Economic and Political Weekly
- Discipline: Social sciences
- Language: English
- Edited by: S. Mahendra Dev

Publication details
- Former name: Economic Weekly
- History: 1949–present
- Publisher: Sameeksha Trust (India)
- Frequency: Weekly

Standard abbreviations
- ISO 4: Econ. Political Wkly.

Indexing
- ISSN: 0012-9976
- LCCN: sa67002009
- JSTOR: econpoliweek
- OCLC no.: 46735231

Links
- Journal homepage; Online archive;

= Economic and Political Weekly =

The Economic and Political Weekly (EPW) is a weekly peer-reviewed academic journal covering all social sciences, and is published by the Sameeksha Trust. In August 2023, economist S. Mahendra Dev was named as the new editor of the journal. He succeeded Gopal Guru, who served as editor from January 2018 to July 2023.

The Sameeksha Trust board comprises eminent persons from academia and business, namely, Deepak Nayyar (chairman), D N Ghosh (Managing Trustee), Andre Beteille, Deepak Parekh, Romila Thapar, Rajeev Bhargava, Dipankar Gupta, and Shyam Menon.

== History ==
The journal was established in 1949 as the Economic Weekly and edited by Sachin Chaudhuri. It obtained its current name in 1966. It was edited by Krishna Raj for more than three decades and is among the most prestigious scholarly journals in India, having had contributions from many of the country's best known scholars.

Past authors include Amartya Sen, Manmohan Singh, Jagdish Bhagwati, Ramachandra Guha, Angus Deaton, Kaushik Basu, Romila Thapar, Jeffrey Sachs, Prannoy Roy, T.N. Srinivasan, Subramanian Swamy, Christophe Jaffrelot, Jean Drèze, Mani Shankar Aiyar, Andre Beteille, Ashok Gulati, and Nirupam Bajpai.

== Political position ==
The journal is known for taking left-leaning positions in its editorials, which were occasionally critical of the Communist Party of India (Marxist) government in West Bengal for not being radical enough. According to The Hindu, the journal takes strong editorial stance with a "social conscience". The Caravan notes the journal's "obsession with intra-Marxist debate" and that its contributors "range from free-market liberals on one side to Naxalite sympathisers on the other". The journal was harshly critical of some of the policies of the Indira Gandhi government during the Emergency, as well as of state complicity in the 2002 Gujarat riots.

== Abstracting and indexing ==
The journal is abstracted and indexed in CAB Abstracts and Scopus.

== Licensing ==
EPW has licensed its material for non-exclusive use to 3 content aggregators - Contify, Factiva and JSTOR.

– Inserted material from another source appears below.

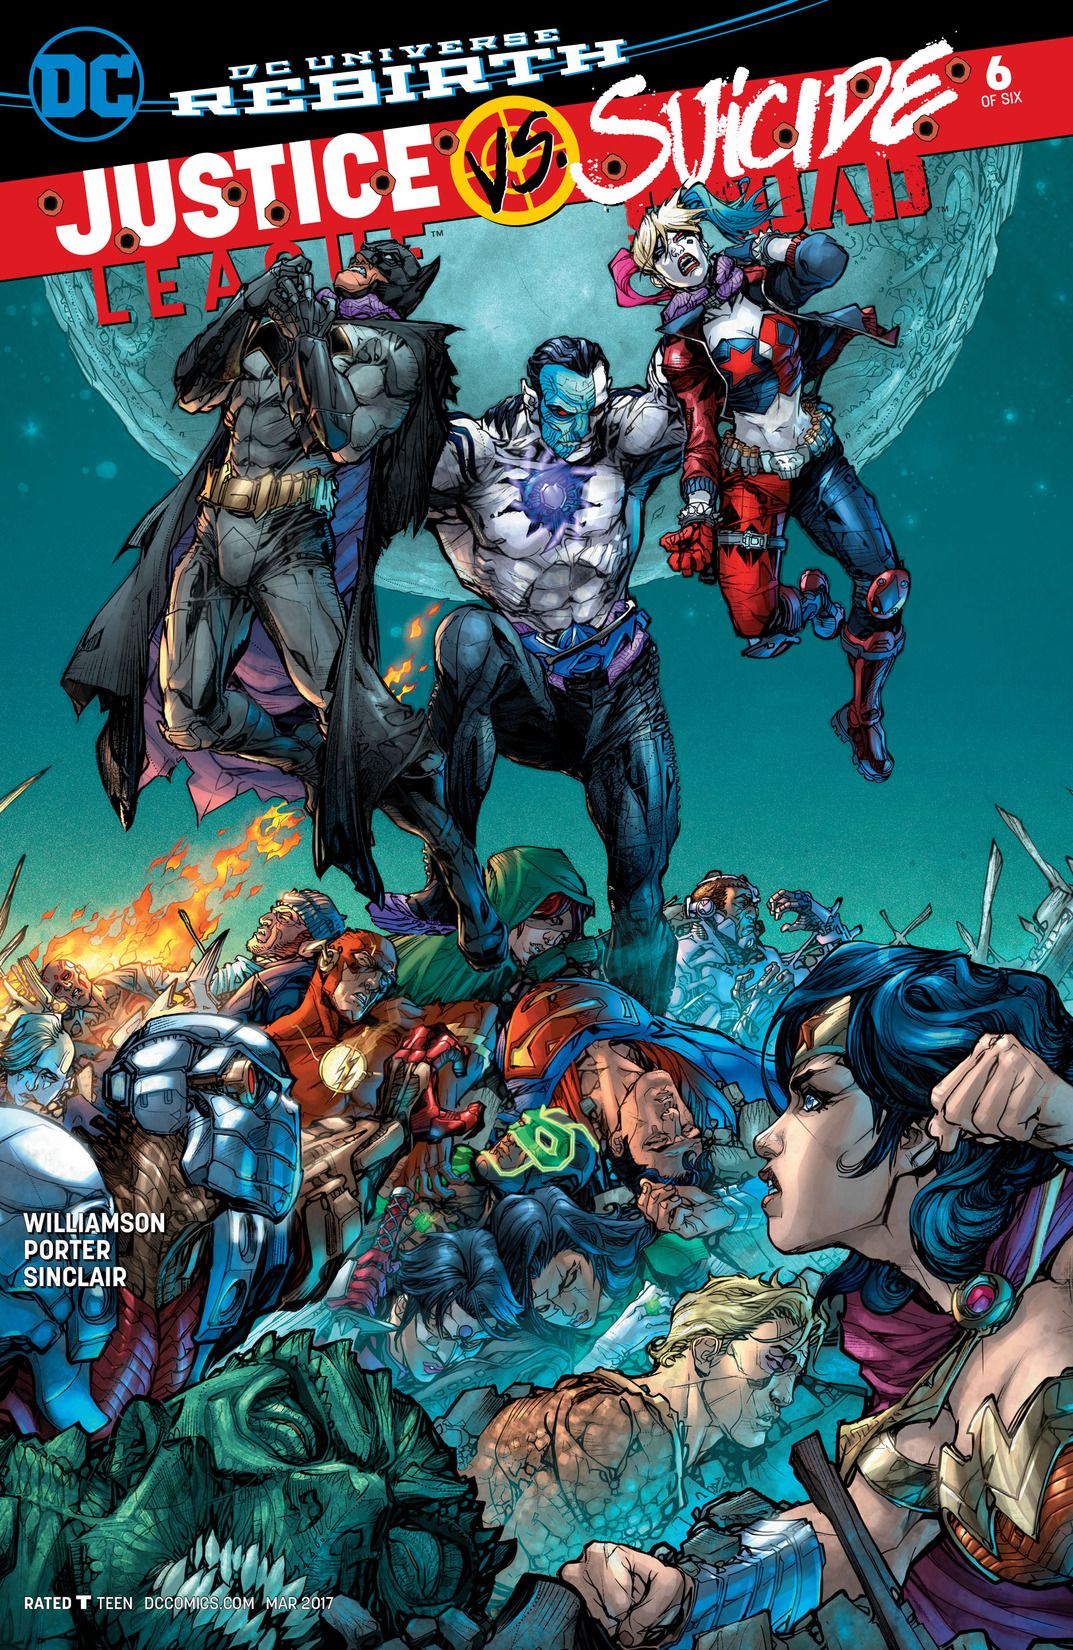 Justice League Vs Suicide Squad Vol 1 6 Dc Database Fandom Powered By Wikia

Contify disseminates EPW content to LexisNexis, Thomson Reuters, Securities.com, Gale Cengage, AcquireMedia and NewsBank.

Factiva and JSTOR have EPW content on their databases for their registered users.

== Controversy ==
In 2016, C. Rammanohar Reddy quit as editor in a controversial move which led to several academics expressing concern in an open letter, and at least one board member, Jean Dreze, resigning from the board. Shortly after, his successor Paranjoy Guha Thakurta also quit in 2017 after a controversial article about the Adani Group was removed from the website amidst reasons that many felt were unclear or unjustified. In its defence, the Trust posted a statement on the EPW website stating that Guha Thakurta had violated his position by responding to a legal notice sent by the Adani Group without informing the Trust. This once again led to various scholars and commentators questioning the Sameeksha Trust that runs the journal.

Eventually professor and scholar Gopal Guru was appointed as the new editor in January 2018.